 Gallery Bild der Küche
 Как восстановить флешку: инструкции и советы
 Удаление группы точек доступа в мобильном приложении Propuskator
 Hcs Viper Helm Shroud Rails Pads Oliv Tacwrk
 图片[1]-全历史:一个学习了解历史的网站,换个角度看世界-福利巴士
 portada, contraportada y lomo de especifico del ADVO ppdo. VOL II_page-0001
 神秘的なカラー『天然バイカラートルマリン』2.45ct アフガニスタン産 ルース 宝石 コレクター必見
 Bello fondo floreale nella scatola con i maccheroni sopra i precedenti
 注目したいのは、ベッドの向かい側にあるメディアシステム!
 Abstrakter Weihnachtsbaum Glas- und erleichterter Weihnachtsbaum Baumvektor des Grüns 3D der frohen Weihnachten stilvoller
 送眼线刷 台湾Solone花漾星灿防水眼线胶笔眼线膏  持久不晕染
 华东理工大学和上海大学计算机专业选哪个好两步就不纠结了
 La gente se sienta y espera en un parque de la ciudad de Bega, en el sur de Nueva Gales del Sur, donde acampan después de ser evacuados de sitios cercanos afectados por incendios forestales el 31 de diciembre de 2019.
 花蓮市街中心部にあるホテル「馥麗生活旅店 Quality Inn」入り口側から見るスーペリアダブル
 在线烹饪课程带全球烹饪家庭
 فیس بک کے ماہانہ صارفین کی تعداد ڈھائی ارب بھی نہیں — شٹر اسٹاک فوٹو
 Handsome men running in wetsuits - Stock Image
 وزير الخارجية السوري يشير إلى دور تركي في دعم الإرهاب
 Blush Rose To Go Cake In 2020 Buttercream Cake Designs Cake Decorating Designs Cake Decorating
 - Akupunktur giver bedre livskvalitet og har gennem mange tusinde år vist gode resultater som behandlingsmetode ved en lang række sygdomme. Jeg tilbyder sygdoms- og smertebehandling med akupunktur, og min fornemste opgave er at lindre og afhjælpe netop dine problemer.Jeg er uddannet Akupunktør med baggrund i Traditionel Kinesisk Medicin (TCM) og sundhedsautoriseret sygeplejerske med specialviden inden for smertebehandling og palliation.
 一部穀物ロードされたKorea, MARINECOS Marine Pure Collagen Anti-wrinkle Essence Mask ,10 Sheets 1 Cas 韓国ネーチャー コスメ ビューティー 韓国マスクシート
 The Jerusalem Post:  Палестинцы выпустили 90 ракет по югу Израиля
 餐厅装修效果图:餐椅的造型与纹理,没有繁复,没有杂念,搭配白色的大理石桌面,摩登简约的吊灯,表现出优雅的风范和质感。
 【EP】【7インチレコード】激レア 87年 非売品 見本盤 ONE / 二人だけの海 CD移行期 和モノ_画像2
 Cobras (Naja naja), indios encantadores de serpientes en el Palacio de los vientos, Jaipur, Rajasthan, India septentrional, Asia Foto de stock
:::::
# What you need to do
Would you output all the records above exactly as written?

# Exercise answer
 Gallery Bild der Küche
 Как восстановить флешку: инструкции и советы
 Удаление группы точек доступа в мобильном приложении Propuskator
 Hcs Viper Helm Shroud Rails Pads Oliv Tacwrk
 图片[1]-全历史:一个学习了解历史的网站,换个角度看世界-福利巴士
 portada, contraportada y lomo de especifico del ADVO ppdo. VOL II_page-0001
 神秘的なカラー『天然バイカラートルマリン』2.45ct アフガニスタン産 ルース 宝石 コレクター必見
 Bello fondo floreale nella scatola con i maccheroni sopra i precedenti
 注目したいのは、ベッドの向かい側にあるメディアシステム!
 Abstrakter Weihnachtsbaum Glas- und erleichterter Weihnachtsbaum Baumvektor des Grüns 3D der frohen Weihnachten stilvoller
 送眼线刷 台湾Solone花漾星灿防水眼线胶笔眼线膏  持久不晕染
 华东理工大学和上海大学计算机专业选哪个好两步就不纠结了
 La gente se sienta y espera en un parque de la ciudad de Bega, en el sur de Nueva Gales del Sur, donde acampan después de ser evacuados de sitios cercanos afectados por incendios forestales el 31 de diciembre de 2019.
 花蓮市街中心部にあるホテル「馥麗生活旅店 Quality Inn」入り口側から見るスーペリアダブル
 在线烹饪课程带全球烹饪家庭
 فیس بک کے ماہانہ صارفین کی تعداد ڈھائی ارب بھی نہیں — شٹر اسٹاک فوٹو
 Handsome men running in wetsuits - Stock Image
 وزير الخارجية السوري يشير إلى دور تركي في دعم الإرهاب
 Blush Rose To Go Cake In 2020 Buttercream Cake Designs Cake Decorating Designs Cake Decorating
 - Akupunktur giver bedre livskvalitet og har gennem mange tusinde år vist gode resultater som behandlingsmetode ved en lang række sygdomme. Jeg tilbyder sygdoms- og smertebehandling med akupunktur, og min fornemste opgave er at lindre og afhjælpe netop dine problemer.Jeg er uddannet Akupunktør med baggrund i Traditionel Kinesisk Medicin (TCM) og sundhedsautoriseret sygeplejerske med specialviden inden for smertebehandling og palliation.
 一部穀物ロードされたKorea, MARINECOS Marine Pure Collagen Anti-wrinkle Essence Mask ,10 Sheets 1 Cas 韓国ネーチャー コスメ ビューティー 韓国マスクシート
 The Jerusalem Post:  Палестинцы выпустили 90 ракет по югу Израиля
 餐厅装修效果图:餐椅的造型与纹理,没有繁复,没有杂念,搭配白色的大理石桌面,摩登简约的吊灯,表现出优雅的风范和质感。
 【EP】【7インチレコード】激レア 87年 非売品 見本盤 ONE / 二人だけの海 CD移行期 和モノ_画像2
 Cobras (Naja naja), indios encantadores de serpientes en el Palacio de los vientos, Jaipur, Rajasthan, India septentrional, Asia Foto de stock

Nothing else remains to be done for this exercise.